另一个答案是一些示例代码,仍在测试中。它在其限制范围内非常有弹性。这里修改成SSCCE(Short, Self-Contained, Correct Example)。
#include <stdbool.h>
#include <wchar.h>
#include <wctype.h>
extern const wchar_t *nextCsvField(const wchar_t *p, wchar_t sep, bool *newline);
// Returns a pointer to the start of the next field,
// or zero if this is the last field in the CSV
// p is the start position of the field
// sep is the separator used, i.e. comma or semicolon
// newline says whether the field ends with a newline or with a comma
const wchar_t *nextCsvField(const wchar_t *p, wchar_t sep, bool *newline)
{
// Parse quoted sequences
if ('"' == p[0]) {
p++;
while (1) {
// Find next double-quote
p = wcschr(p, L'"');
// If we don't find it or it's the last symbol
// then this is the last field
if (!p || !p[1])
return 0;
// Check for "", it is an escaped double-quote
if (p[1] != '"')
break;
// Skip the escaped double-quote
p += 2;
}
}
// Find next newline or comma.
wchar_t newline_or_sep[4] = L"\n\r ";
newline_or_sep[2] = sep;
p = wcspbrk(p, newline_or_sep);
// If no newline or separator, this is the last field.
if (!p)
return 0;
// Check if we had newline.
*newline = (p[0] == '\r' || p[0] == '\n');
// Handle "\r\n", otherwise just increment
if (p[0] == '\r' && p[1] == '\n')
p += 2;
else
p++;
return p;
}
static void dissect(const wchar_t *line)
{
const wchar_t *start = line;
const wchar_t *next;
bool eol;
wprintf(L"Input: %d [%.*ls]\n", wcslen(line), wcslen(line)-1, line);
while ((next = nextCsvField(start, L',', &eol)) != 0)
{
wprintf(L"Field: [%.*ls] (eol = %d)\n", (next - start - eol), start, eol);
start = next;
}
}
static const wchar_t multiline[] =
L"First field of first row,\"This field is multiline\n"
"\n"
"but that's OK because it's enclosed in double quotes, and this\n"

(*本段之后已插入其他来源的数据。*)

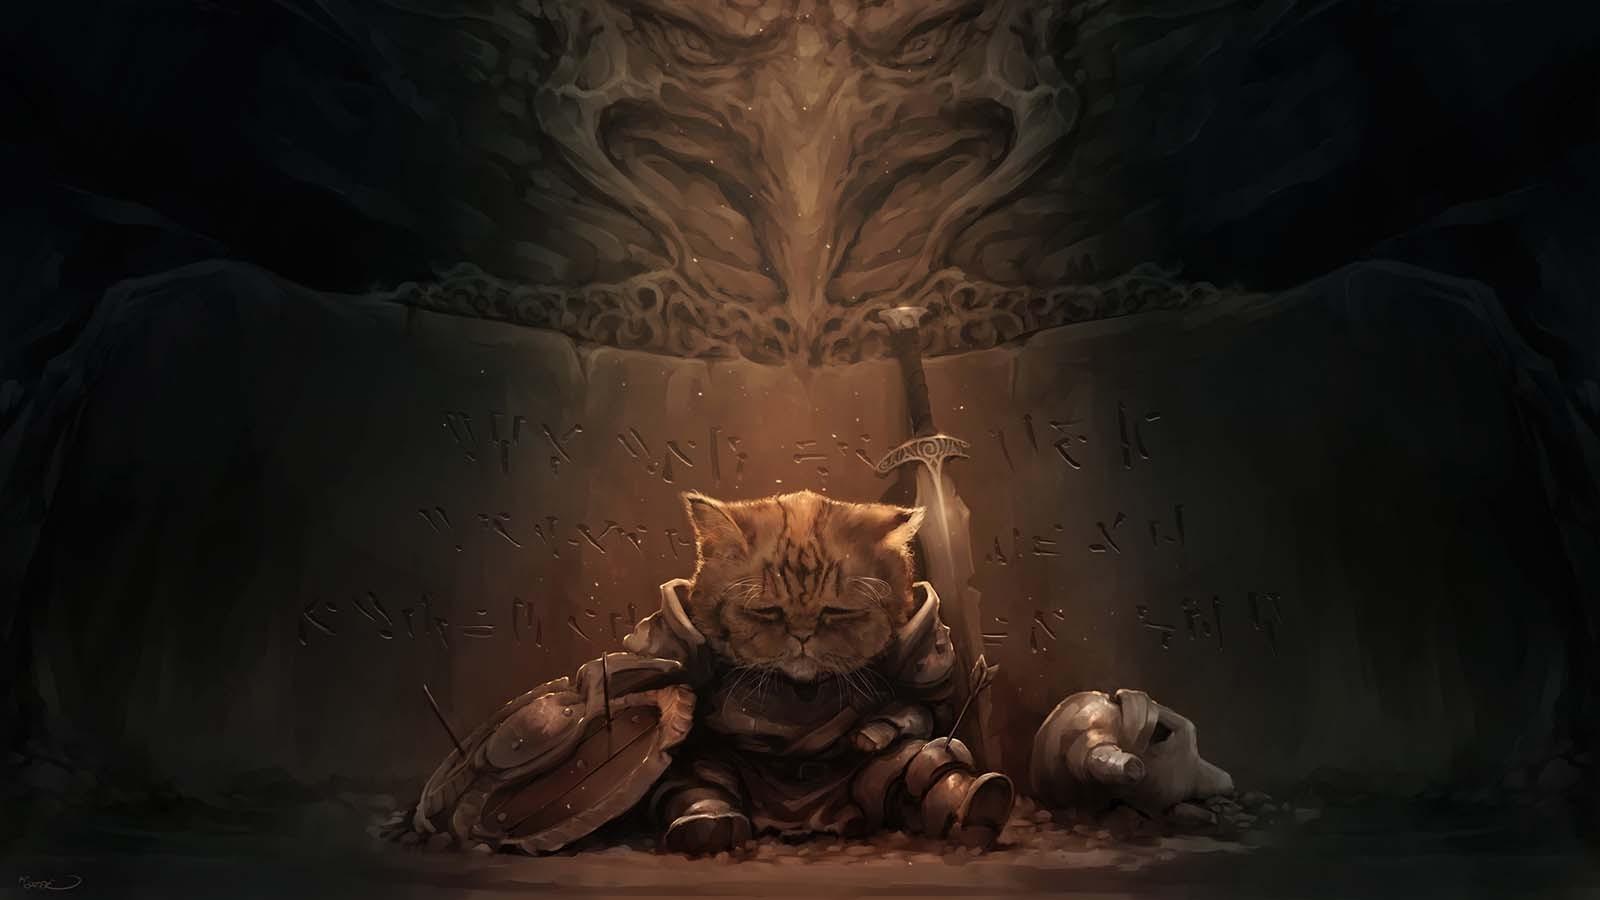 Cute Bloodborne Wallpaper The Elder Scrolls V Skyrim Wallpapers Hd Desktop And

"is an escaped \"\" double quote\" but this one \"\" is not\n"
" \"This is second field of second row, but it is not multiline\n"
" because it doesn't start \n"
" with an immediate double quote\"\n"
;
int main(void)
{
wchar_t line[1024];
while (fgetws(line, sizeof(line)/sizeof(line[0]), stdin))
dissect(line);
dissect(multiline);
return 0;
}
示例输出
$ cat csv.data
a,bb, c ,d""e,f
1,"2","",,"""",4
$ ./wcsv < csv.data
Input: 16 [a,bb, c ,d""e,f]
Field: [a,] (eol = 0)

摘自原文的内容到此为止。